**ACTIVITY:** Copy every line that contains the string "Silver" from the entries below.

----------

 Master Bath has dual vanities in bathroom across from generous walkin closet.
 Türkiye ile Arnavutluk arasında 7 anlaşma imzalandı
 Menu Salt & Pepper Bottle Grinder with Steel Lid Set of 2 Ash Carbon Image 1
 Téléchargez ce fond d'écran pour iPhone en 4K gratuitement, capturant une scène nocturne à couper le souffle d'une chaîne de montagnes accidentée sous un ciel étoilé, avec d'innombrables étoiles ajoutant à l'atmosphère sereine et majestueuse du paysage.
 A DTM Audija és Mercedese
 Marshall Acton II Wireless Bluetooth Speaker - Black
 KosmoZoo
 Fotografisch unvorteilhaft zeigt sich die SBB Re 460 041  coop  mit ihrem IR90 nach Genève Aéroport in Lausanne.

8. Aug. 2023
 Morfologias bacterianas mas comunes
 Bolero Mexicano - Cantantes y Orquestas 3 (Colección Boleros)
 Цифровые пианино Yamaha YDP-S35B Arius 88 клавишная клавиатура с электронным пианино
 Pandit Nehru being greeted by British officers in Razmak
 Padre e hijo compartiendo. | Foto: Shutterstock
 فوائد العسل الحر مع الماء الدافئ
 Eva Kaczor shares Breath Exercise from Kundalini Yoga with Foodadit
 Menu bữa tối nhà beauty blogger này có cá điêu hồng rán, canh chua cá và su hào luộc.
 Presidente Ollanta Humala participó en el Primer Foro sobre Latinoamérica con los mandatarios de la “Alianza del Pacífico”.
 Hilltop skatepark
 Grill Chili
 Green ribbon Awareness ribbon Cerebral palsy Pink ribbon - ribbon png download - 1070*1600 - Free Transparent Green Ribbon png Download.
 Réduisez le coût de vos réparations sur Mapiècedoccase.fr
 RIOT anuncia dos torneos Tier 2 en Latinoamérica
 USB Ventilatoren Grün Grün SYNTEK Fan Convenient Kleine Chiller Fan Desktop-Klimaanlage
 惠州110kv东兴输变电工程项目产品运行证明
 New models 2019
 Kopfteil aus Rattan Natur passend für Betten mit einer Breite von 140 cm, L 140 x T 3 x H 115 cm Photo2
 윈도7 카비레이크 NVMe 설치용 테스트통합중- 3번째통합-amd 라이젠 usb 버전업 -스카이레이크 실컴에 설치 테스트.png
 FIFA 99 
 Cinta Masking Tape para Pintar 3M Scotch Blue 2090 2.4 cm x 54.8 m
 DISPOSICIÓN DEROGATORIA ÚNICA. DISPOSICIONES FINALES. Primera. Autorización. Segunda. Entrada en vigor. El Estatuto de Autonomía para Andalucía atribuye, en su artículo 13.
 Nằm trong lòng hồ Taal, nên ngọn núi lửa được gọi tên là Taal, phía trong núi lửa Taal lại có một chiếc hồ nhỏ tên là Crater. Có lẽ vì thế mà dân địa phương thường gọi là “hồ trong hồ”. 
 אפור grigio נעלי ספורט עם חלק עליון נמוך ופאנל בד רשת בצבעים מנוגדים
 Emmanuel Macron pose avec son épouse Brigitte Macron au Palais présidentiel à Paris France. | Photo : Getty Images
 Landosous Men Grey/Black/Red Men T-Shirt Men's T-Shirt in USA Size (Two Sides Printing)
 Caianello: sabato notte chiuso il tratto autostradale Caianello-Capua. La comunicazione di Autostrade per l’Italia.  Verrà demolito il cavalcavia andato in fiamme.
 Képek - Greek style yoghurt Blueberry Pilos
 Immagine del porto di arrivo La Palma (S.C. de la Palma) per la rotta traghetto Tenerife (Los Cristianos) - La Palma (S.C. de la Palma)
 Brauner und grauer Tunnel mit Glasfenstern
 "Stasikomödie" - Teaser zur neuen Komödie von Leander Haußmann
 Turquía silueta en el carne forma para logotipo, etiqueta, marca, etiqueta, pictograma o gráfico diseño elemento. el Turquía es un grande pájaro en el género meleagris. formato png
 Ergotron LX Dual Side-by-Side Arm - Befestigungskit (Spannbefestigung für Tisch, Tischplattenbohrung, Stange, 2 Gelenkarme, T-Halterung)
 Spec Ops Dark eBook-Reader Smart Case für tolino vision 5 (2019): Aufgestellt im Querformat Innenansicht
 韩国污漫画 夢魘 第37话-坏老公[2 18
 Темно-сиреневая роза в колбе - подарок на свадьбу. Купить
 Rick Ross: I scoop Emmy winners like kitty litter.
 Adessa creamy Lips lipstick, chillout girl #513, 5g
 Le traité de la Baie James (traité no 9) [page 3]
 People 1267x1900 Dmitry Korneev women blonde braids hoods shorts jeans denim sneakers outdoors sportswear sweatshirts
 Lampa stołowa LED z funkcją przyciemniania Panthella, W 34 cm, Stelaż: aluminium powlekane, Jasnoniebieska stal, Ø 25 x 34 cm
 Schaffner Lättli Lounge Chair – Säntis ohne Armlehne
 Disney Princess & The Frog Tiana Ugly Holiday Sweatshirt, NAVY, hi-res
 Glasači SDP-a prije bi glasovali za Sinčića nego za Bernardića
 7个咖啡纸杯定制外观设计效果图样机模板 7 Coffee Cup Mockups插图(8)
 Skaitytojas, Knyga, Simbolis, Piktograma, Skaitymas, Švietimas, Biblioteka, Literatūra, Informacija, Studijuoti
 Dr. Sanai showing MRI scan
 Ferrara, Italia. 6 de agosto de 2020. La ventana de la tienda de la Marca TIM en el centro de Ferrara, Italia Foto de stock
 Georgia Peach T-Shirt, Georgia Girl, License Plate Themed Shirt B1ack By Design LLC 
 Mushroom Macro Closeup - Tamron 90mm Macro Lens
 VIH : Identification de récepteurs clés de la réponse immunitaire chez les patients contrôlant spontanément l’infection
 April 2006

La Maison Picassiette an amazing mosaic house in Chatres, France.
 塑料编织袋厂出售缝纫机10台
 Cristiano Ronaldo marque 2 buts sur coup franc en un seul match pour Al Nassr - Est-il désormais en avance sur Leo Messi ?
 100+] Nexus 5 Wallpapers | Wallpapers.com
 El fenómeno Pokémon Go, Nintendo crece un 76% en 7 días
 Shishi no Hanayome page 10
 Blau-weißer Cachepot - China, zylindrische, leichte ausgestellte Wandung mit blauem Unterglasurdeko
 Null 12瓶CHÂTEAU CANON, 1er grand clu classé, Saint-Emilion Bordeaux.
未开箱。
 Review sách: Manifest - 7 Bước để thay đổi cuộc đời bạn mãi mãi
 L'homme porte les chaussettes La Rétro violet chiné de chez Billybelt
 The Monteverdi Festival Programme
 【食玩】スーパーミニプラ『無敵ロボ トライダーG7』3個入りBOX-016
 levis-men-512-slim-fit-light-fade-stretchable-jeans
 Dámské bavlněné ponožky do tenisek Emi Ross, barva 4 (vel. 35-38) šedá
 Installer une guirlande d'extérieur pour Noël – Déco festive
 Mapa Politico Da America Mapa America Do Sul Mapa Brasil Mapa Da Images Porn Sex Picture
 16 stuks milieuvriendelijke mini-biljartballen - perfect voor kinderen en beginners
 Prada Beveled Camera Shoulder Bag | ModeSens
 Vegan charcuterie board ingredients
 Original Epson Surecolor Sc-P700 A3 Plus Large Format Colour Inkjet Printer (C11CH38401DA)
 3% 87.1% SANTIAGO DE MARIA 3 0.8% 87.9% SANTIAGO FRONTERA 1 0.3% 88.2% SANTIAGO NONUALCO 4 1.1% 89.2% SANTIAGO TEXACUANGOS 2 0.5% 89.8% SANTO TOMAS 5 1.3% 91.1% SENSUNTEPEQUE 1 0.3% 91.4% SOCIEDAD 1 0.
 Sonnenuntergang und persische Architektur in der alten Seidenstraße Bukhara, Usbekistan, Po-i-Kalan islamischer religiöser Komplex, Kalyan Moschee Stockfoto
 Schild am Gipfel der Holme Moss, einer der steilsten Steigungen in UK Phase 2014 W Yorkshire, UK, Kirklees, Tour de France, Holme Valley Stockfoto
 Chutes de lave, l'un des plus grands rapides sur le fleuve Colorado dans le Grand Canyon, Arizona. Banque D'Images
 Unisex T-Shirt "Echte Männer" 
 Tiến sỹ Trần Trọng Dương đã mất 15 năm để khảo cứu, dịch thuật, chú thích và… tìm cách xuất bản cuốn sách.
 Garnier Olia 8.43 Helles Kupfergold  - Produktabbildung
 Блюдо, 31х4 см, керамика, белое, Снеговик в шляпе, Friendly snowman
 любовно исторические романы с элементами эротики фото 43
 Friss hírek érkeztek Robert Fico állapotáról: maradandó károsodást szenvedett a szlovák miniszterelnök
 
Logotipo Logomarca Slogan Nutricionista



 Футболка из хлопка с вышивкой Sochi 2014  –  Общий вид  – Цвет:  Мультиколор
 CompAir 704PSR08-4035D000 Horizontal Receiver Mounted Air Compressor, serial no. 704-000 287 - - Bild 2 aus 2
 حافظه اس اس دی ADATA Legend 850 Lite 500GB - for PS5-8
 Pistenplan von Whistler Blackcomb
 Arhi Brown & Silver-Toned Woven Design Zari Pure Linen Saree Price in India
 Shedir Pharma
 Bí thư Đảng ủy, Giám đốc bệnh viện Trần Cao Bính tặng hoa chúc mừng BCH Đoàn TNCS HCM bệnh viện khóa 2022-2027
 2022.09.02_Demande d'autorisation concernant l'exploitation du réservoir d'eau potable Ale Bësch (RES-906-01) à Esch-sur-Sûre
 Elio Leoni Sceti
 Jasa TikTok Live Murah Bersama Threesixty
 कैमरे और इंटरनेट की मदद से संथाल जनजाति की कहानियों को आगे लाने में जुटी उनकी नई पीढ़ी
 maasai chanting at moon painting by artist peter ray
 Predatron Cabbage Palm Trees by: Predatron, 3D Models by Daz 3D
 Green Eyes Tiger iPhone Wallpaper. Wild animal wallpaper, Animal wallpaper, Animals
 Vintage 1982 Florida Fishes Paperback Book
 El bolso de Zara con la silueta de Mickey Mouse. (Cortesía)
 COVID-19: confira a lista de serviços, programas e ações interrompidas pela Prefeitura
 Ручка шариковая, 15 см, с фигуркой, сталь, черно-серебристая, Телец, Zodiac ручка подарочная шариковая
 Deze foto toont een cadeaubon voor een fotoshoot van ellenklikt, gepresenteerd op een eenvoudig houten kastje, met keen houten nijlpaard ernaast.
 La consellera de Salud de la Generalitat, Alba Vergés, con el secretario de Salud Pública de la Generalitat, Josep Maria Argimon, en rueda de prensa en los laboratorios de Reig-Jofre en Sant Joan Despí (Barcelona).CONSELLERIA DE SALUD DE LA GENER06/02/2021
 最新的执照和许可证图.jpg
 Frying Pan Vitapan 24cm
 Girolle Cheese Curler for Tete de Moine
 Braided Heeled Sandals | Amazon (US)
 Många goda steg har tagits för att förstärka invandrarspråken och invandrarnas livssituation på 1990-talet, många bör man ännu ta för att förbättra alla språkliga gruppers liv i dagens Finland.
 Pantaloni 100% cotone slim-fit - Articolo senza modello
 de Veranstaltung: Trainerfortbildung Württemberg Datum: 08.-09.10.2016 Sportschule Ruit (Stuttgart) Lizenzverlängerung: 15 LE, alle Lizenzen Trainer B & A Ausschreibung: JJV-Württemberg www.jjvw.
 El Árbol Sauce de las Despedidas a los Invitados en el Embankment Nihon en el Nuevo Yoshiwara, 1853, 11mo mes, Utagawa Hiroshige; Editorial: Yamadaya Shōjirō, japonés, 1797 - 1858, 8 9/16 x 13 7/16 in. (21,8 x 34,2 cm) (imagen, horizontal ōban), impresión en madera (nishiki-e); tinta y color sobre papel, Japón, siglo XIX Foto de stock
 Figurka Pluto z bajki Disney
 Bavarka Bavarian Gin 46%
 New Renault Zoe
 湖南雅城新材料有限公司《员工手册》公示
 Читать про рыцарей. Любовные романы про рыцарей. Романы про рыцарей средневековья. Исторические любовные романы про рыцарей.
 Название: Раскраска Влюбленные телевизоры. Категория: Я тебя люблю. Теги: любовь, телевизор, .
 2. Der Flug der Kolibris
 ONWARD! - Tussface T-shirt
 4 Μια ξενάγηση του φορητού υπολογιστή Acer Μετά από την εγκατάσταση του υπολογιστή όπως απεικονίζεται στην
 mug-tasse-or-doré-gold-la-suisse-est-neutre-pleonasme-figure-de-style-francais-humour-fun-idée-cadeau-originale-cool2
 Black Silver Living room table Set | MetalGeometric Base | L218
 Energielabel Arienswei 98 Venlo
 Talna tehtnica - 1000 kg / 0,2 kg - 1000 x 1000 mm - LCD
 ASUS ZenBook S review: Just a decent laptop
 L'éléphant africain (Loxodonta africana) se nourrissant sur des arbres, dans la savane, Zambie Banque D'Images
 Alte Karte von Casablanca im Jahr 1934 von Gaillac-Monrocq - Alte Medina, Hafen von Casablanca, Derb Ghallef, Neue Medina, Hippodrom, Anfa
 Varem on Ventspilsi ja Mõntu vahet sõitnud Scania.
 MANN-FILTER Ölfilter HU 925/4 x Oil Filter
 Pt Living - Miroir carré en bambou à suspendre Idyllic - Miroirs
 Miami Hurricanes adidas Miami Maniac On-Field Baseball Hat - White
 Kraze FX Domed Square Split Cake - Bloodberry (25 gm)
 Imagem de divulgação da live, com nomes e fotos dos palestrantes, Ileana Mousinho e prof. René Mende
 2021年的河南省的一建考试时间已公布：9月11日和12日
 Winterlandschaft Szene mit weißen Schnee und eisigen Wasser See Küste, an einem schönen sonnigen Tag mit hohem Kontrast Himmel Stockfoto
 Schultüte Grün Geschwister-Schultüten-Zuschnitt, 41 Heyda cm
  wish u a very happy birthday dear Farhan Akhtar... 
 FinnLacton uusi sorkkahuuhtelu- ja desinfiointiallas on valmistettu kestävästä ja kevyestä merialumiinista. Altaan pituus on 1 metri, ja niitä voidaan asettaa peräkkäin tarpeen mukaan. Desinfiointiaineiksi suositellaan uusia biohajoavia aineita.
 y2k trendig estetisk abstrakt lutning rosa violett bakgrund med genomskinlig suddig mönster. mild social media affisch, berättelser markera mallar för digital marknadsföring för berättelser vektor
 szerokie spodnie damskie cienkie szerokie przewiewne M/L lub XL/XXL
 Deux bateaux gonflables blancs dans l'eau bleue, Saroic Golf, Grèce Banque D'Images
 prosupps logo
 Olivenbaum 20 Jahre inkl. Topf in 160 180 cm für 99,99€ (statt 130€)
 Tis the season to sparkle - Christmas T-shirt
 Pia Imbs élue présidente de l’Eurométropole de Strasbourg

----------

**EXERCISE SOLUTION:**
 Arhi Brown & Silver-Toned Woven Design Zari Pure Linen Saree Price in India
 Black Silver Living room table Set | MetalGeometric Base | L218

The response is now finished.